# Sandblasting: DIY or pay a pro??



## Orion88 (Apr 24, 2012)

I'm about to pull my body off the frame on my 70 and I still can't decide if I should sandblast my frame myself or pay someone to do it. I plan on blasting the frame, all of the suspension components, and the rear diff (am I missing anything?). My dad owns a tool rental so I could get the pot blaster and the big jackhammer style air compressor for free, and would only spend money on median and diesel fuel. But then I have tons of sand in my driveway, and I know it's a dirty, nasty, dusty, PITA job. I can also get free access to a trailer from my dads shop, so would it be worth it to haul it off to get blasted as opposed to doing the dirty work myself? 

Also, I want to blast the underside of my body, along with the firewall and underneath the dashboard, maybe the trunk too (but since I'm replacing my quarters cleaning up the trunk will be easier after I remove the old panels).
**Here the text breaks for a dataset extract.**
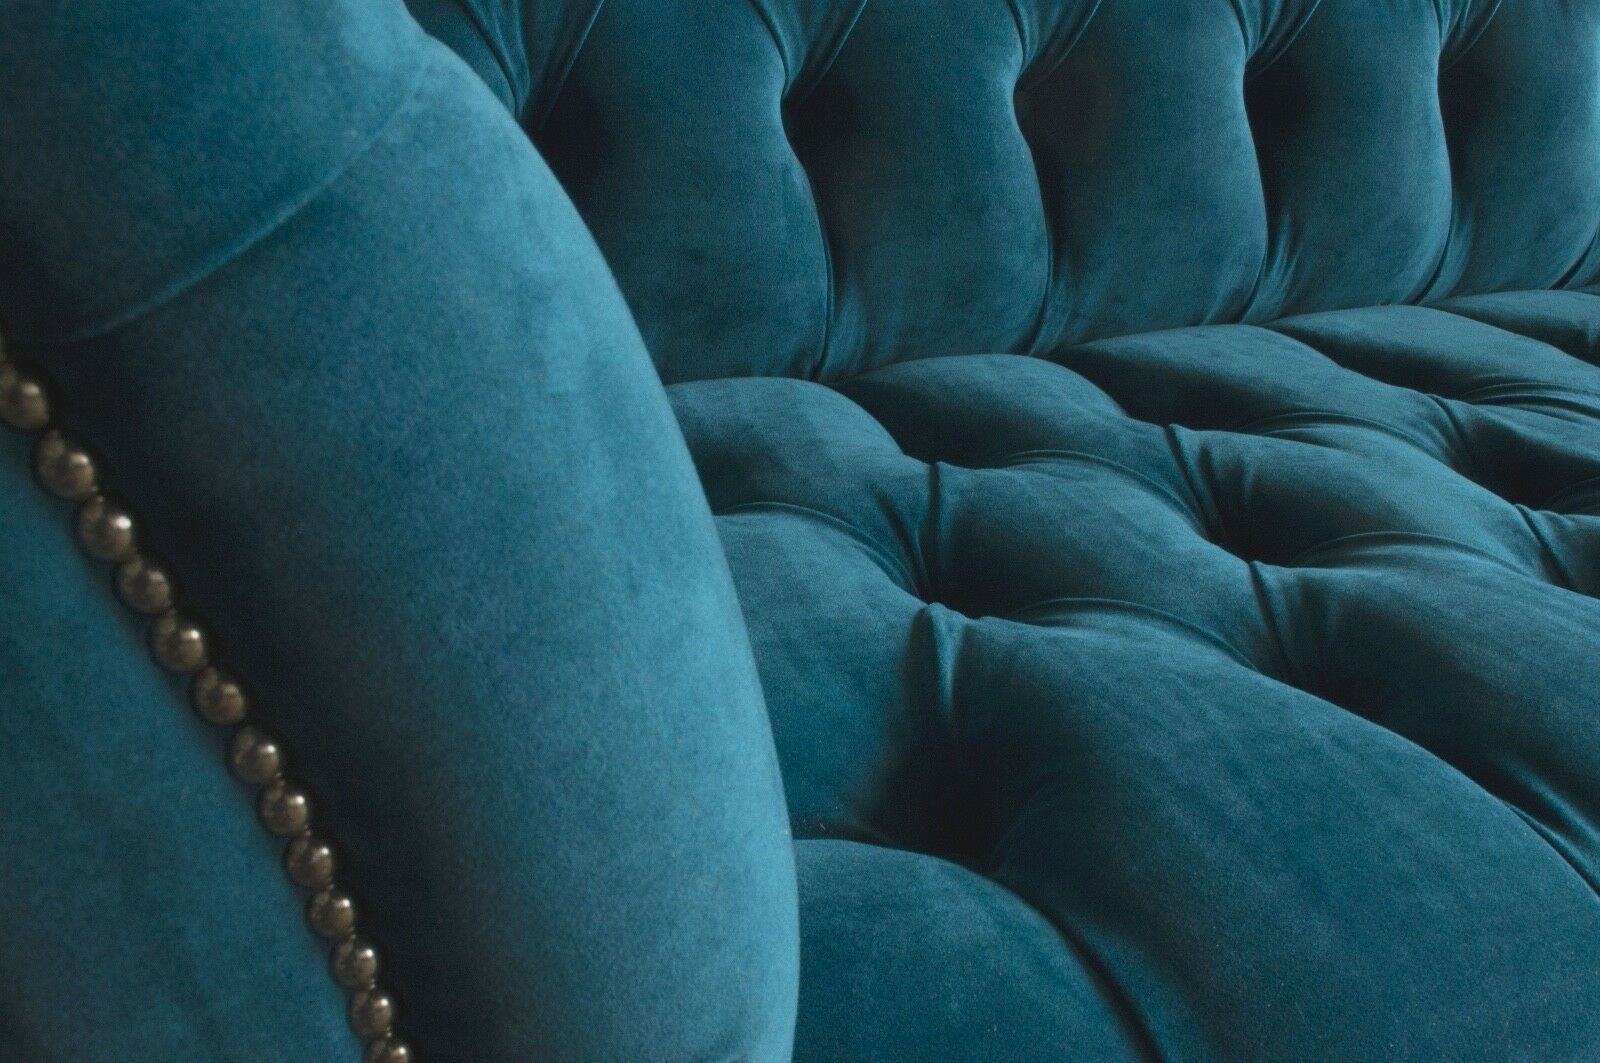 Sitzer Chesterfield-Sofa Knöpfen. mit 3 Sofa JVmoebel Sofas Rückenlehne Textil Design Polster Chesterfield Wohnzimmer, Die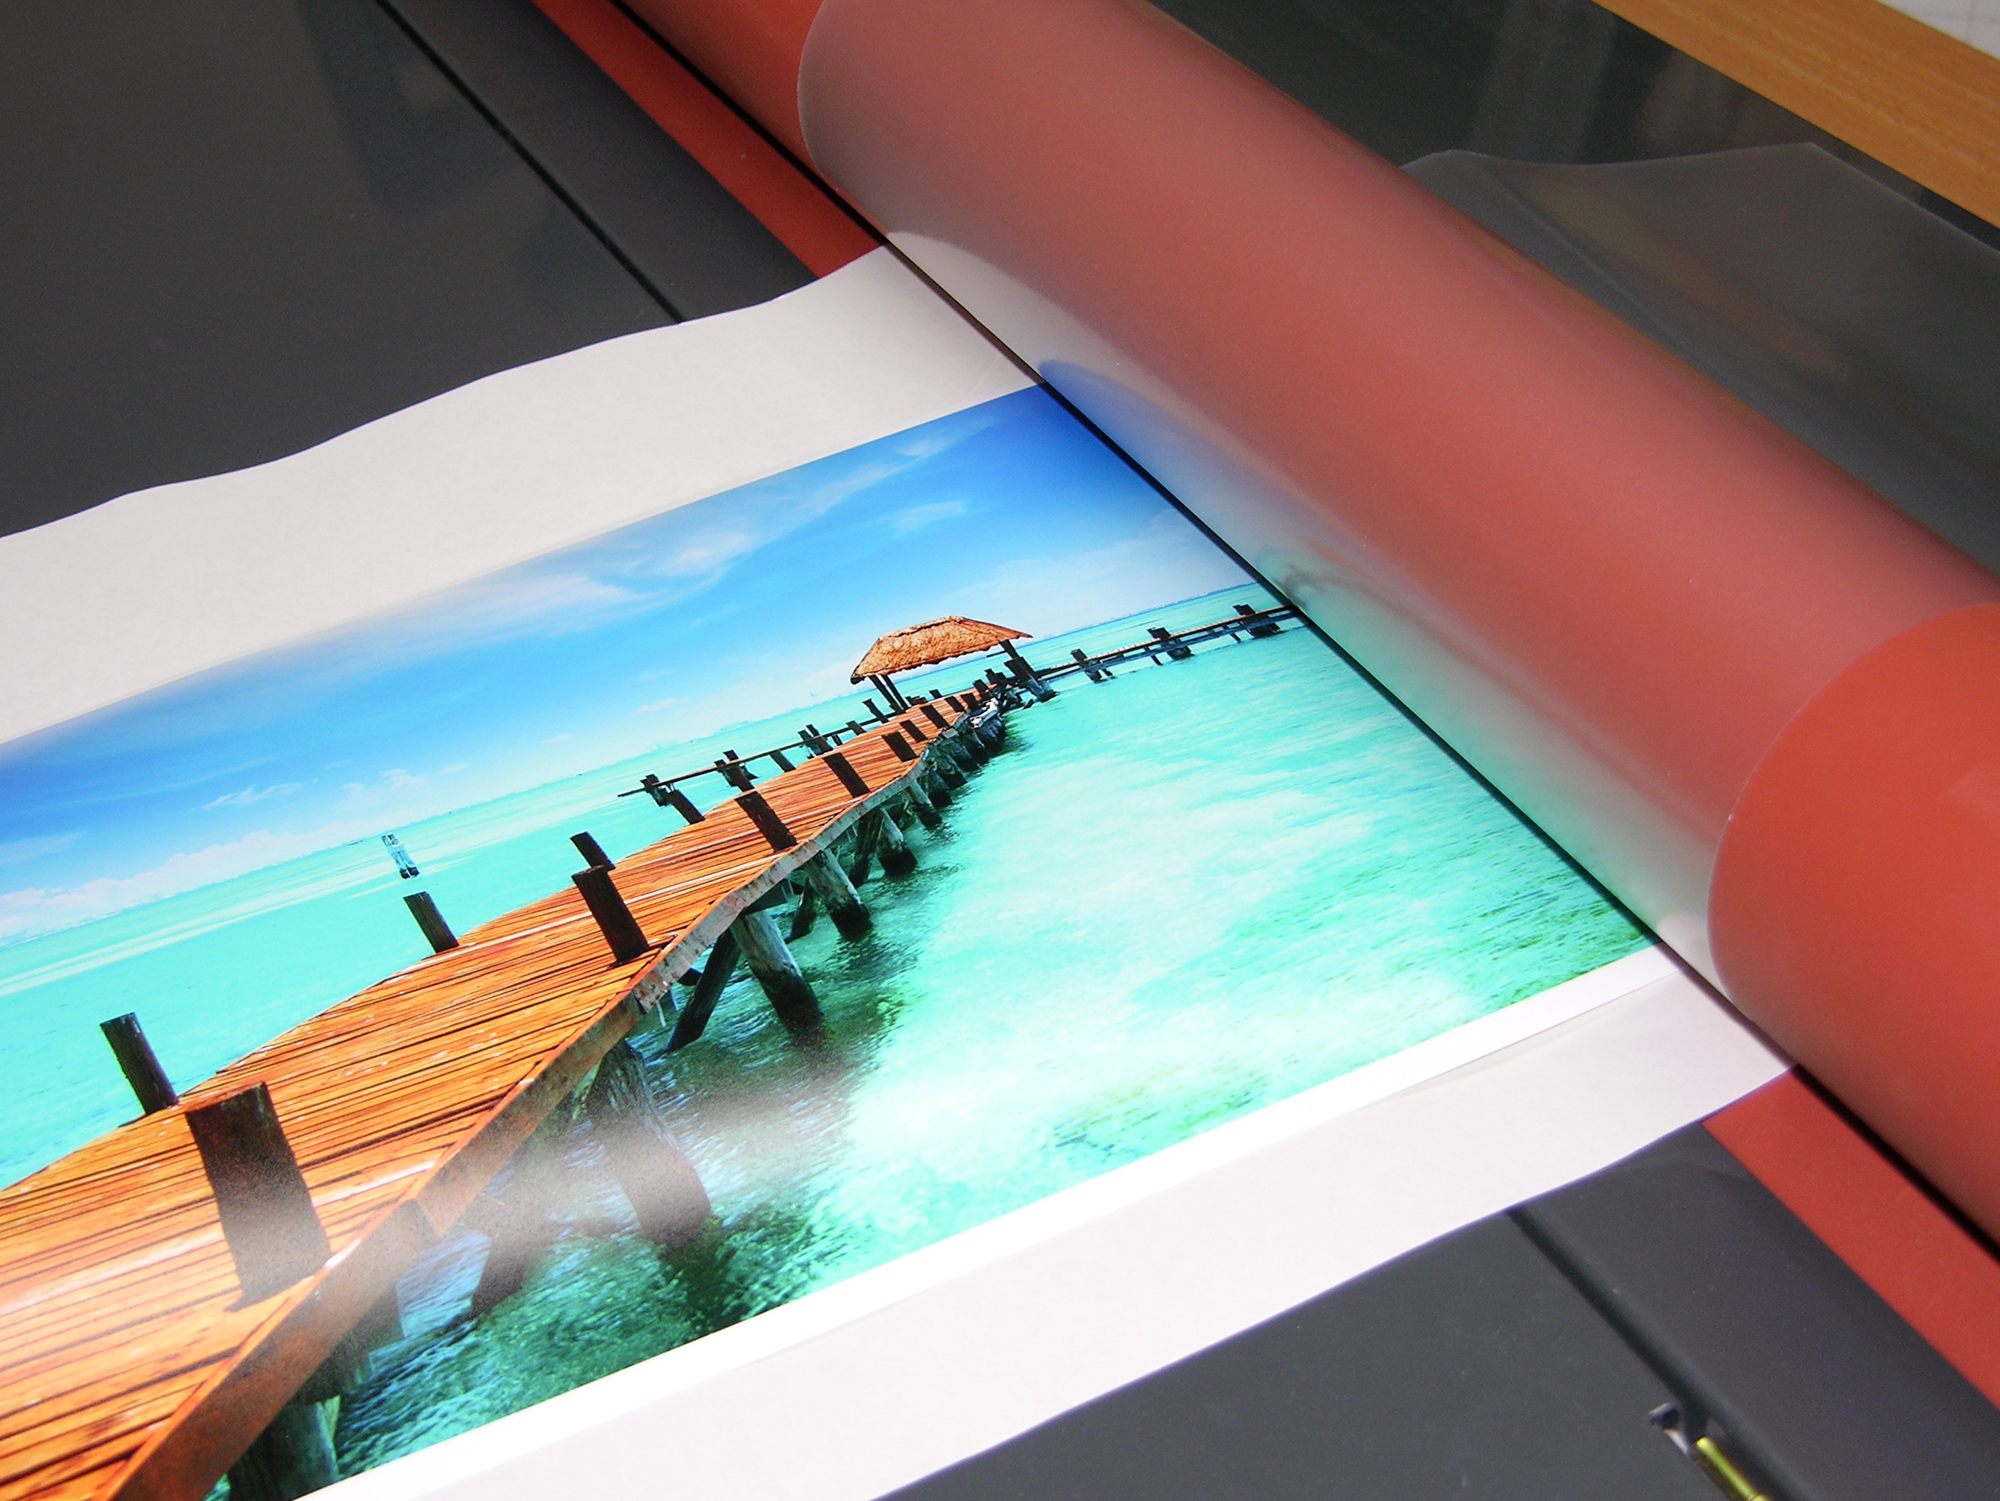 laminování potištěného fotopapíru při výrobě fotoobrazu na desce

I know sandblasting can be too rough for thinner metal, so what's the best approach here? I don't want to soda blast because it's more expensive and requires a lot of cleanup, so I'm not really sure what my best option is here.


----------



## dan woodland (Jul 24, 2013)

I say if you are mechanically inclined do the blasting yourself and save the dough for another part of the project you can't do - or spend it on a serious system or part upgrade on the car. Also, if you've never done it before I'd do it myself just for the experience and to say I did it all myself (as I plan to do to my ride one day).

For media blasting I thought bead blasting was good/best for stripping cars and frames. I think you'll have a real mess no matter what media you use. I believe soda blasting you can just wash away.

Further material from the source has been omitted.